Нет, таких данных не имеется. Но вопрос возник не случайно, и будет возникать впредь. Причем, подобные вопросы задаются не только в связи с материалами, имеющими прямое либо косвенное отношение к Сталину и его эпохе. За истекшие двадцать лет архивное хозяйство Советского Союза претерпело огромные изменения. По сути, многие фонды были разгромлены, перелопачены, страдают изъятиями и вбрасыванием подделок. Это происходило по всей бывшей стране за очень немногими исключениями. Сведения о возмутительных фактах подтасовок не раз становились достоянием гласности. Поэтому все большее число историков скептически или предельно осторожно относятся к материалам, особенно сенсационного толка, всплывающим на поверхность в архивном море, которое стало явно мутноватым.
При переводе текстов пришлось столкнуться со многими трудностями. В основном этнографического характера. Ведь многие реалии дореволюционной жизни Грузии незнакомы современному читателю, особенно русскоязычному. Скупые редакционные сноски не полностью освещали эти реалии. Поэтому сноски понадобилось расширить и дополнить.
Кроме того, я прибег к составлению небольшого глоссария, помещенного в конце книжки. Там дается толкование ряда малоизвестных, архаичных понятий, связанных с национальными особенностями и колоритом, коротко говорится о некоторых столь же малоизвестных исторических лицах. В тексте эти понятия и лица выделены курсивом. То же самое относится к чисто церковным терминам. Слова в глоссарии пронумерованы теми же цифрами, которыми они помечены в тексте. Благодаря шрифтовому выделению, а также тому, что они расположены не по алфавиту, а по порядку изложения, их легко отыскать.
Я сократил предисловие, которое к грузинскому изданию написал профессор политологии Мичиганского и Чикагского университетов Рональд Суни (иногда в русском варианте его имя пишется как Сюни). Он гражданин США армянского происхождения. Сфера научных интересов – советская и постсоветская история, прежде всего Южного Кавказа, исследование межнациональных отношений и вопросов, связанных с конфликтологией. Примечательно, что его работы вызвали острую критику в кругах некоторых историков и публицистов Армении, которые назвали их пасквильными. Они обвинили Суни ни много ни мало в фальсификации истории Армении по заданию правительства США.
Предисловие Р. Суни полно дежурных пропагандистских штампов и отличается невысоким научным уровнем, чтобы не сказать халтурой. Зачастую профессор просто пересказывает мемуары матери Сталина. Причем, почему-то считает, что они были обнаружены случайно, хотя это вовсе не так. Делает он и собственные добавления, некоторые из которых выглядят более, чем сомнительно. В одном месте он характеризует мать Сталина как идеальную грузинку, в другом – отказывает ей в этом. Есть примеры иной путаницы и отсутствия логики. Часть его утверждений вступает в противоречие с тем, что вспоминает мать. Более того, Р.Суни зачастую противоречит самому себе, словно забыв, о чем он писал несколькими абзацами раньше.

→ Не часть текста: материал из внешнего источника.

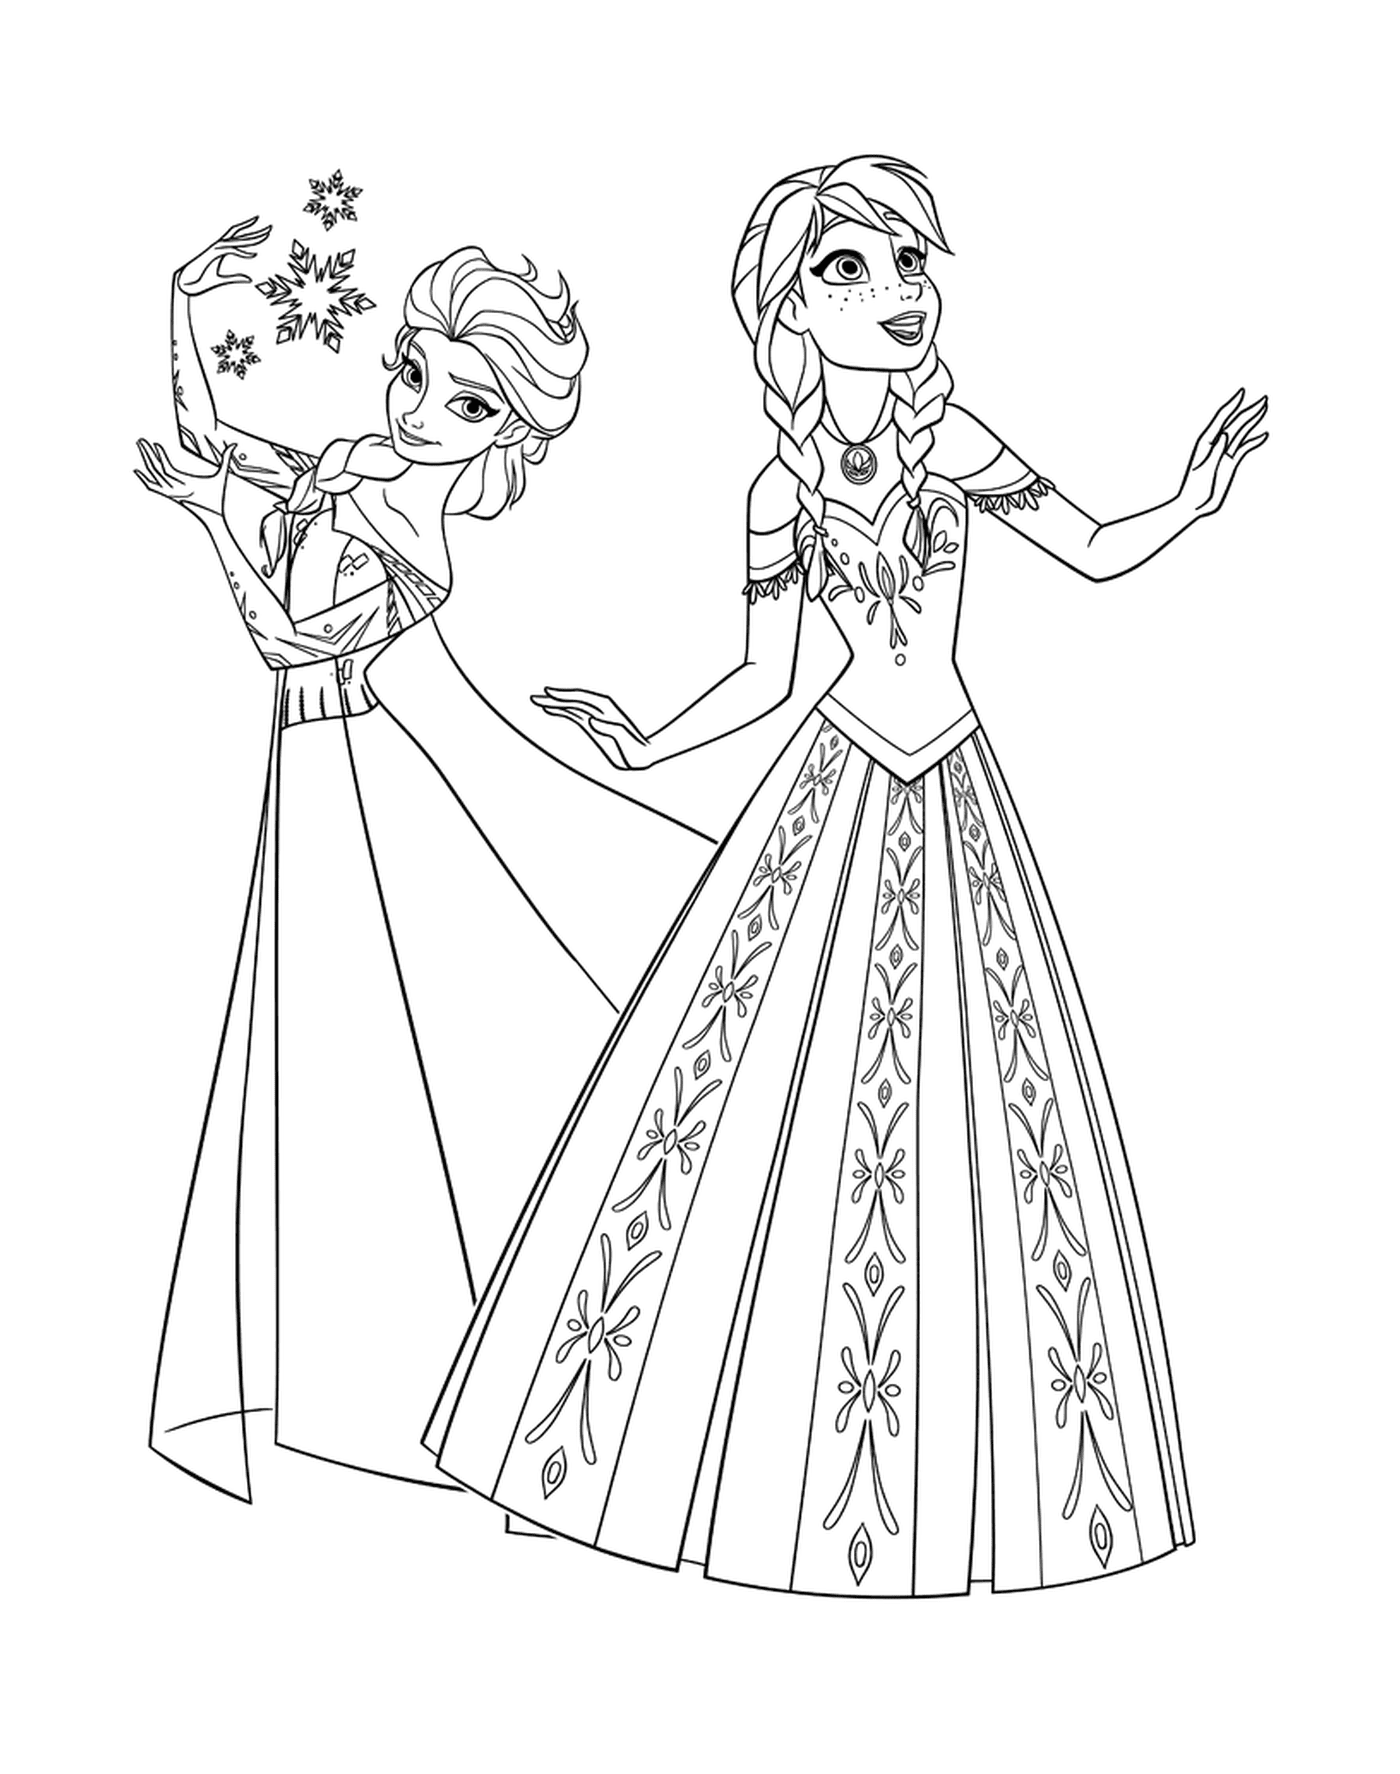   Anna et Elsa, princesses de La Reine des Neiges 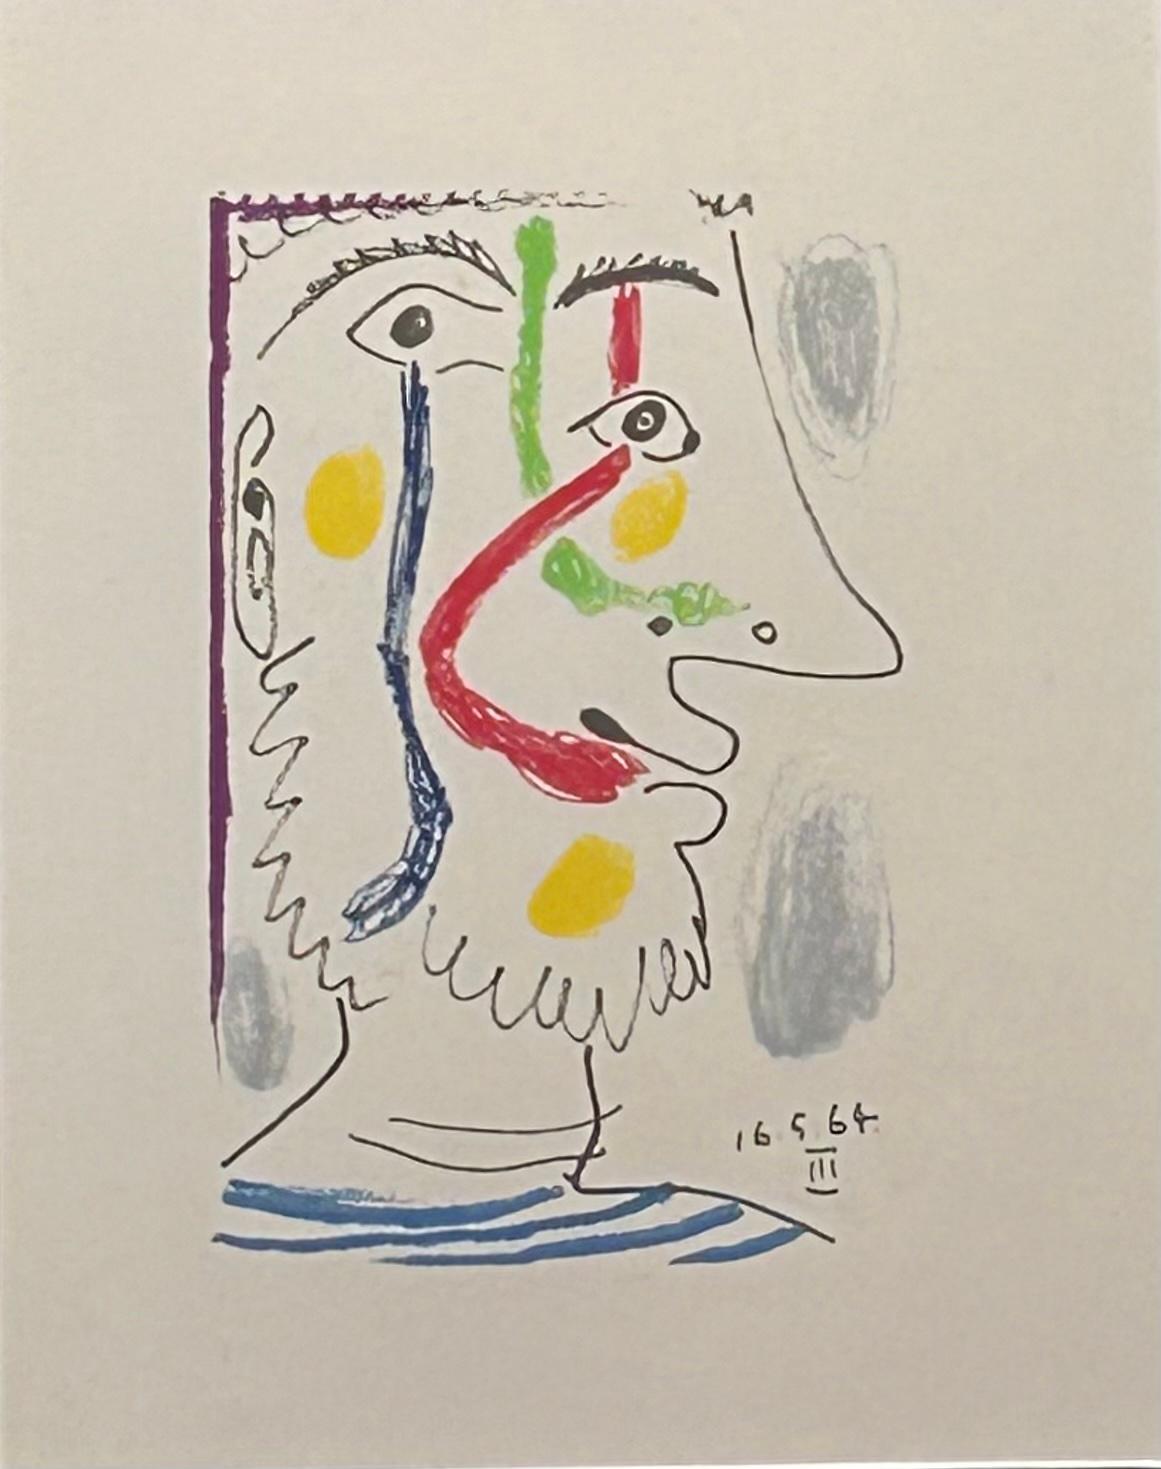 Colour Lithograph on Arches Paper '16.5.64.III' from 'Le Goût de Bonheur'  - Cubist Print by Pablo Picasso

Вообще вызывает недоумение, зачем и кому понадобилось обращаться к североамериканскому историку с просьбой написать предисловие, если и в Грузии, и в России имеются гораздо более квалифицированные специалисты в этой области. Видимо, сыграла свою роль общая проамериканская ориентация тогдашних правителей республики, доходившая до крайностей. Они считали, что мы всему должны учиться у западных исследователей. Я позволю себе заметить, что дело обстоит ровно наоборот: это западным исследователям грузинской и общесоветской истории следовало бы прислушиваться к авторитетному мнению наших ученых. Словом, заокеанского профессора пришлось править не только стилистически, но и давать короткие критические комментарии к его рассуждениям.
Тем не менее, хотя бы пробежать предисловие стоит. Это даст возможность почувствовать и понять специфические подходы к нашему прошлому, к хорошо известным нам историческим событиям тех, кто изначально был заражен антисталинизмом, от него эволюционировал к антисоветизму, а затем перешел к антирусизму. Практически все они отдают дань отжившим рецидивам холодной войны. Следовательно, не всегда адекватно воспринимают фактологию этого прошлого, тенденциозно судят о событиях и свидетельствах очевидцев.
В то же время Р.Суни вынужден был не раз констатировать бесспорные вещи. В частности, несомненную одаренность, проявившуюся у ребенка, затем у подростка и, наконец, у юноши, вышедшего из простонародья и избравшего определенный жизненный путь, чтобы исполнить миссию, возложенную на него будущей судьбой.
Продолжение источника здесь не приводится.